FRANCIA – RIGAUD. Chiesa di Sant’Antonio abate e della Trasfigurazione

Place de l’église
https://maps.app.goo.gl/cLMHm8TvuE9i69Lp6

Il comune di Rigaud fin dal 1388 ha seguito con la contea di Nizza le vicende storiche prima della contea e poi del ducato di Savoia; in seguito, dopo il Congresso di Vienna dal 1915, le sorti del Regno di Sardegna, per essere nel 1860 annesso alla Francia.

Una prima cappella, dedicata nel 1200 a San Salvatore, fu ampliata e trasformata in chiesa durante il Secondo Impero. Furono poi costruite la sacrestia ed il campanile. La base e il muro sud di piccole dimensioni risalgono al primitivo edificio.
La navata misura 25 x 7 metri e brilla d’oro e stucchi del barocco piemontese.
All’interno della chiesa sono conservate varie opere d’arte.

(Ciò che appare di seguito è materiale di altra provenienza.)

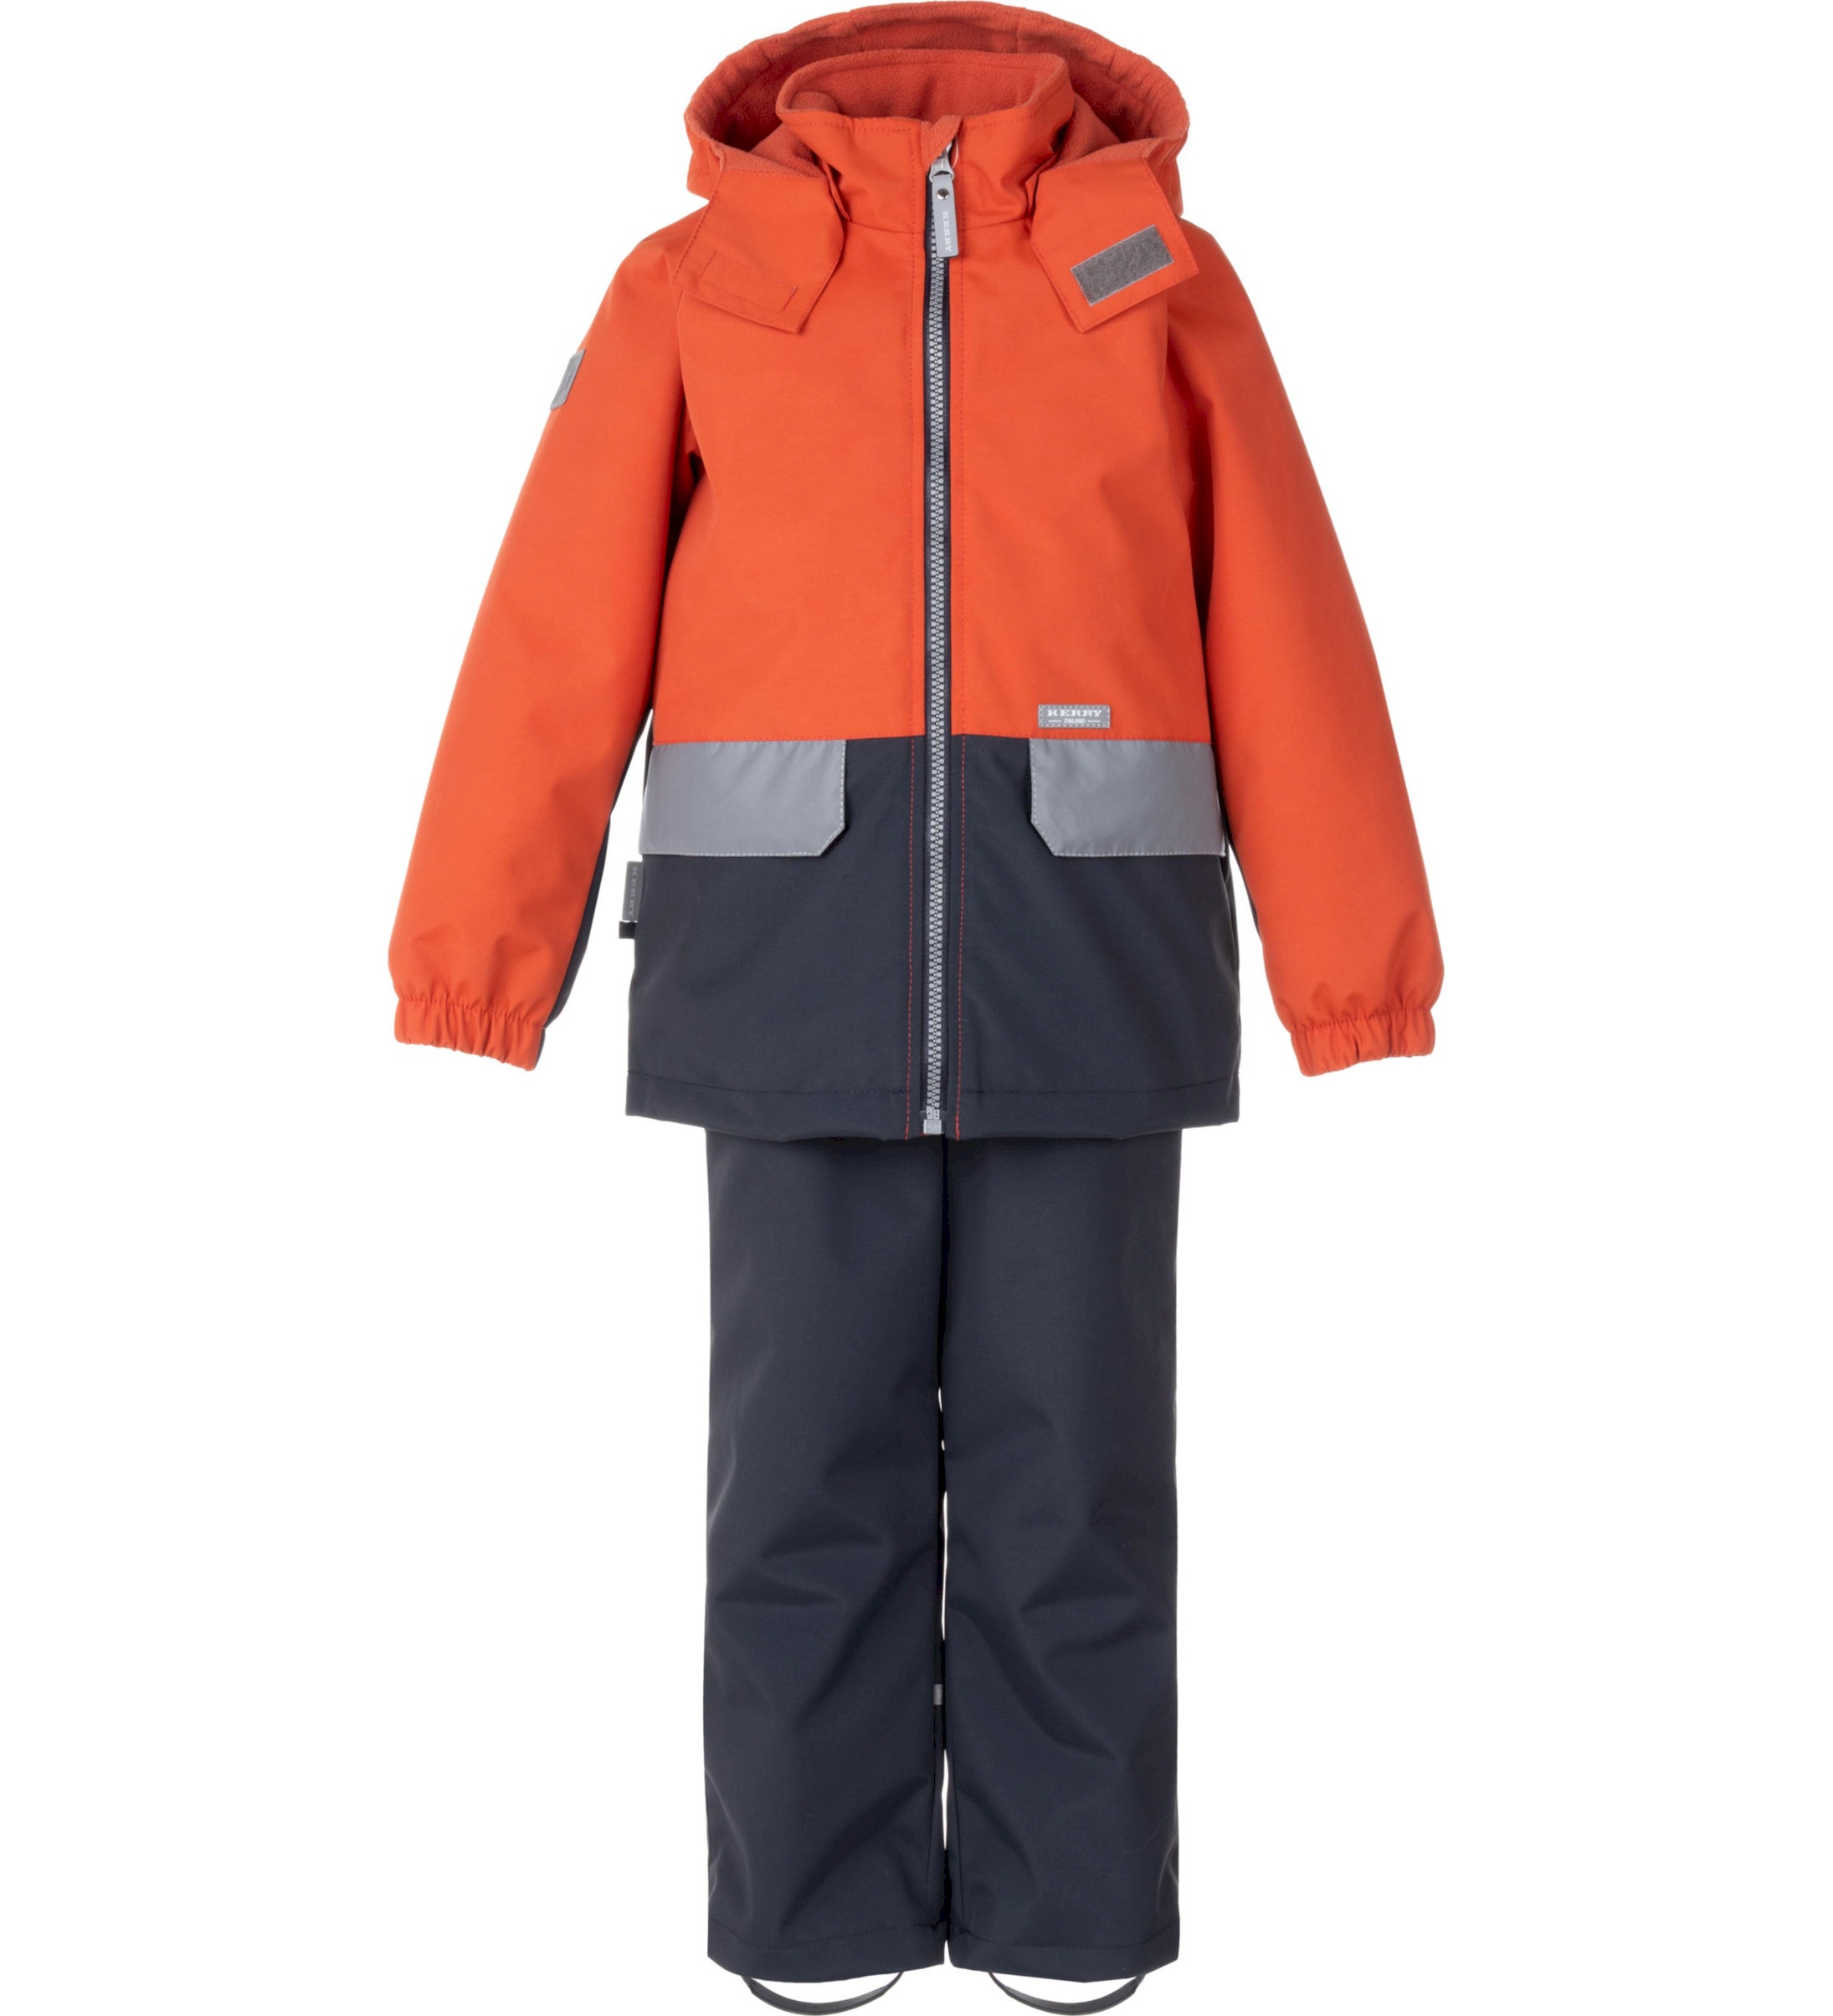 Комплект верхней одежды детский KERRY K24020, оранжевый; серый, 122

La statua in legno dorato di sant’Antonio abate del XVI secolo, classificata Monumento Storico, ha perso gli oggetti che aveva nelle mani.

 

La pala dell’altare maggiore, olio su tela di 290 x 190 cm, raffigura: “(Pietà) Vergine col Cristo morto circondati da Sant’Apollonia, Sant’Antonio abate, Santa Maria Maddalena e San Giovanni Evangelista”. Opera di ignoto della seconda metà del XVII secolo.
Sant’Antonio abate è posto a destra al centro della tela, tiene la mano destra sul cuore e la sinistra regge il bastone cui è appeso un campanello.

 

 

La pala della “Vergine del Rosario“ fu dipinta nel 1614 da un certo Vicarius e testimonia un arcaismo ingenuo ereditato dalla tradizione medievale.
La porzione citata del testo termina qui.